Former Irish president and activists of the climate protection campaign, Mari Robinson, have criticized the Board on Mona because they are not ambitious enough to close peat production.
Ms. Robinson said she believes the company could end up with peat harvest – which she described as "the worst of fossil fuels" – before 2028 targets were met.
"Motives to end the peat harvest activity are indisputable," she said. "Peat generates less energy per ton of coal and produces higher CO2 emissions per unit. Burning is inefficient and polluting ways to generate energy.
She added that the sector received only 115 million euros of subsidies for the production of peak electricity only in 2016.
However, at the same time, inviting the company to propose its goals, she also insisted that no employee in the industry should leave behind.
Referring to a "real transition" to clean up the alternative industry, Ms. Robinson said: "The need for an urgent ending of peat extraction should not jeopardize the rights of communities whose lives are dependent.
"There needs to be a long-term strategy that ensures the rights and dignity of people whose lives have been affected by this transition," she said. "With proper government support and through partnership with workers and trade unions, the Board of Mona has the opportunity to plan and fulfill the right transitional strategy."

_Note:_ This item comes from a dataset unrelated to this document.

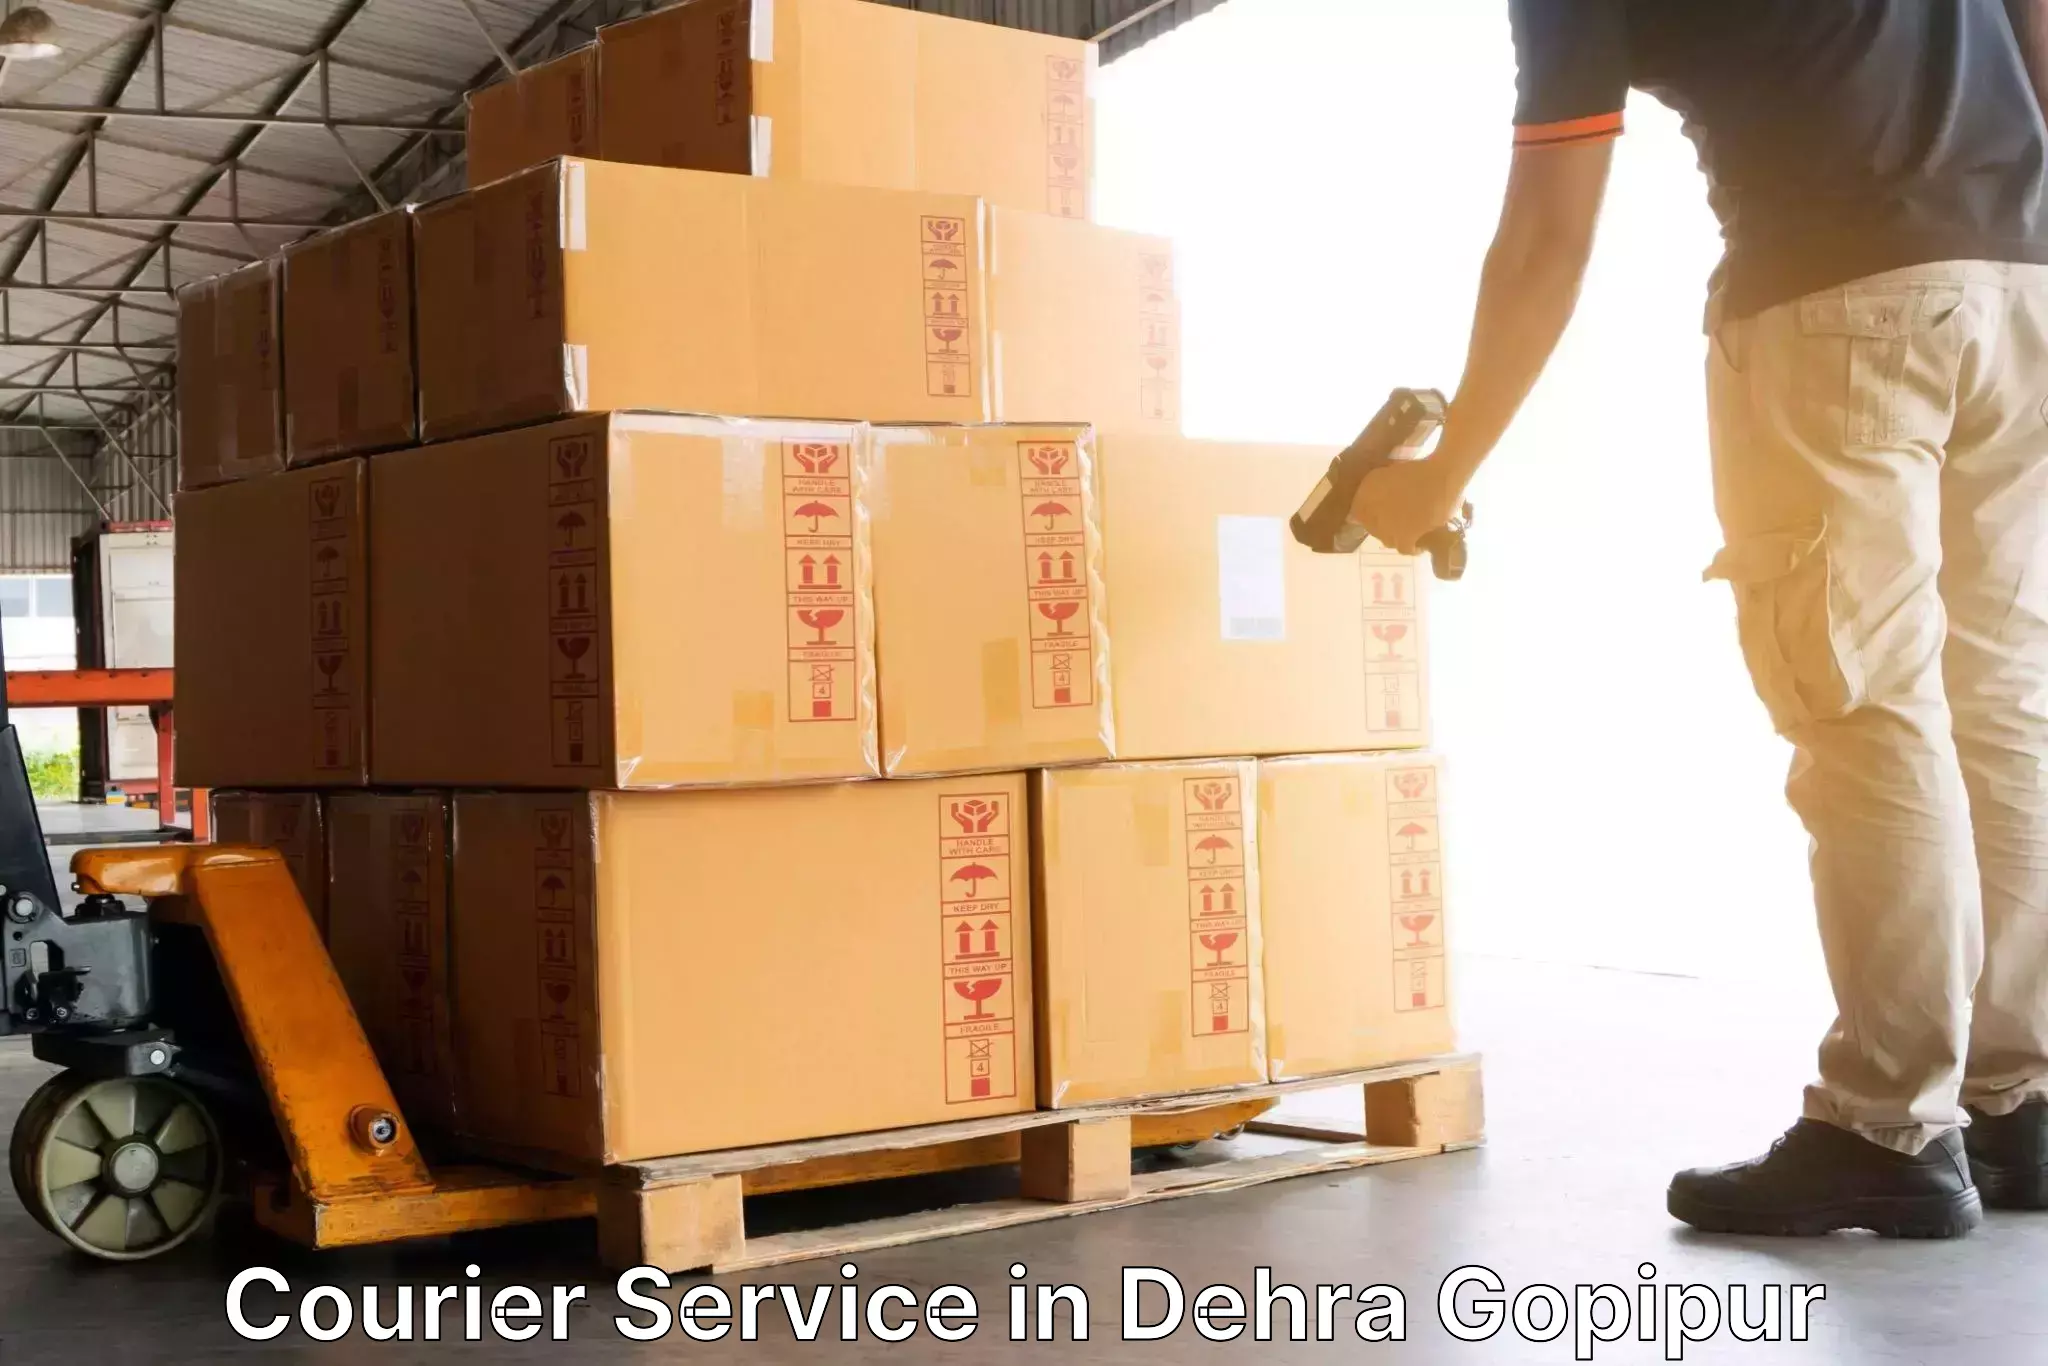 24/7 courier service in Dehra Gopipur

She said the company should plan to create 400-500 jobs to replace the Midlands, investing in retraining and training workers, thus allowing those close to retirement to have early access to their pensions if they choose.
"As the Mona Board moves to take advantage of the opportunity it sees in its renewable and future future without fossil fuels, parallel efforts must ensure that workers are supported and on their way to their future," she said.
Ms. Robinson, who was appointed President of the International Human Rights Group The Elders last week, spoke at a conference organized jointly by the French Embassy in Ireland, Trinity College, Trocaire and the Institute for International and European Affairs marking two years since Ratified Paris Agreement on Climate Change.
Caoimhe de Barra, Trocaire's executive director, criticized the lack of government ambitions to reduce carbon emissions in Ireland.
"It's already too late for many communities we work in," she said.
"If Ireland does not join and change our policy on climate change, we can potentially do more harm to people and communities we work than we would ever hope to solve through our sustainable agricultural programs and livelihoods."
Ireland has committed to reducing emissions by 20% by 2020, but is on track to achieve only a 1% reduction.